Hallo ich hab ein Problem,

ich habe drei klassen Gui, Fachklasse und DBZugriff.
auf der Gui hab ich meine Oberfläche Programmiert die mit DBZugriff agiert.
auf DBZugriff hab ich die Verbindung zur Heidisql aufgebaut.
Nun habe ich folgendes Problem: Die DB ist erfolgreich verbunde. ich hab mir das so vorestellt das wenn ich auf der oberfläche name,vorname u.s.w eintrage und auf den button klicke dass auf der Datenbank die daten gespeichert werden. Das funktioniert bis jetzt auch aber das Problem ist das auf der Datenbank die die felder leer bleiben obwohl ich auf der oberfläche name u.s.w eingetragen habe ich komm nicht darauf warum auf der Datenbank die felder leer bleiben,wo der fehler ist. Hoffe auf hilfe


----------



## Barista (22. Jun 2021)

Ich würde Dir vorschlagen, die Texte, welche Du dem PreparedStatement übergibst, mal mit System.out.println auszugeben.
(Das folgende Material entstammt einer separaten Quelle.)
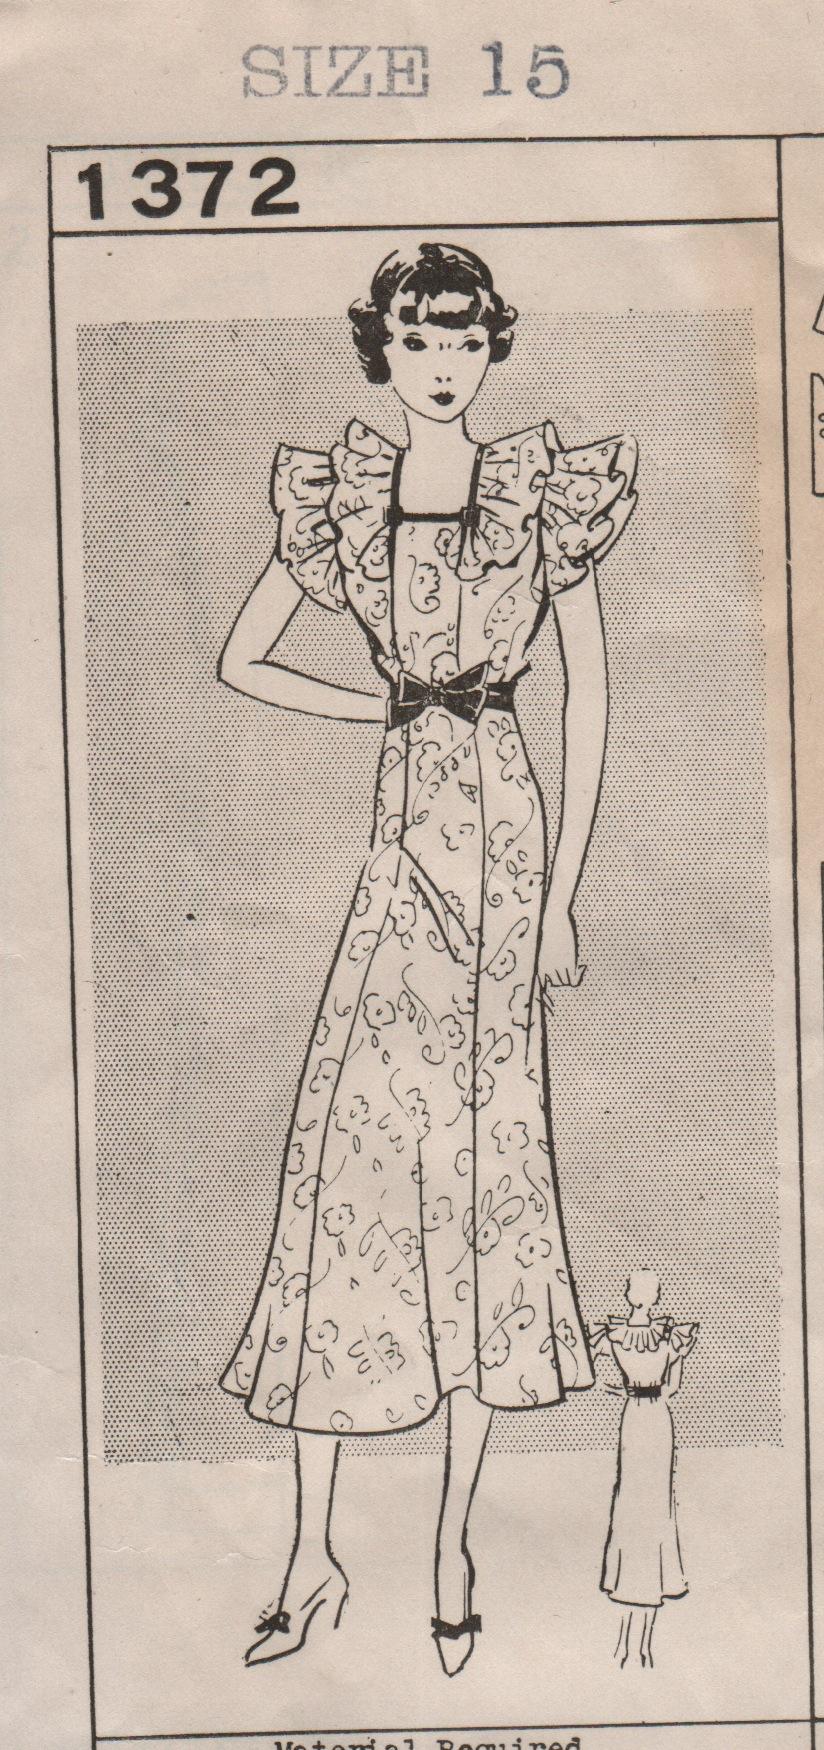 Barbara Bell 1372

Ansonsten in diesem Sinne entweder debuggen (IDE benutzen) oder schrittweise die Zwischenergebnisse ausgeben um den Fehler einzugrenzen.

Der Code sieht ansonsten gut aus.


----------



## Barista (22. Jun 2021)

[CODE lang="java" title="aus OpenDB"]            try {
                Class.forName("com.mysql.cj.jdbc.Driver");
            } catch (ClassNotFoundException e) {
                System.out.println("Verbindung erfolgreich" + e);
                System.out.println("SQLException: " + e.getMessage());
                e.printStackTrace();
            }
[/CODE]
Das ist falsch, wenn eine Exception auftrat, ist die Verbindung sicher nicht erfolgreich.


----------



## LimDul (22. Jun 2021)

Ein Commit fehlt mir da im Code, evtl. fehlt einfach das


----------



## kneitzel (22. Jun 2021)

Also Commit dürfte vermutlich nicht fehlen, denn per default ist auto commit ja gesetzt (Und ein setAutoCommit(false); wird er uns hoffentlich nicht vorenthalten haben!). Und dann würde es auch gar keine Veränderungen geben, aber es wurden ja Datensätze eingefügt (auch wenn diese leer sind).

Ich finde den Code aber extrem dubios:
- wieso sind die Variablen alle static?
- in der DB_Zugriff Klasse sehe ich die ganzen Variablen nicht: txtn, txtvn, txtgd, ... - Was für Variablen sind das? vermutlich aus der GUI Klasse von der Du erbst ...
- Dann wird da überall getText() aufegrufen - also vermutlich werden das Controls sein - und damit ist da null Trennung. Ein Datenbank Layer das die Controls kennt? 

Mein Verdacht hier ist:
- Du hast eine Instanz von GUI. Die ist sichtbar und in die Controls dieser Klasse trägst Du dann alle Daten ein.
- Dann hast Du eine Instanz von DB_Zugriff. Damit hast Du eine zweite Instanz, die nicht sichtbar ist. Und die controls dort sind alle leer.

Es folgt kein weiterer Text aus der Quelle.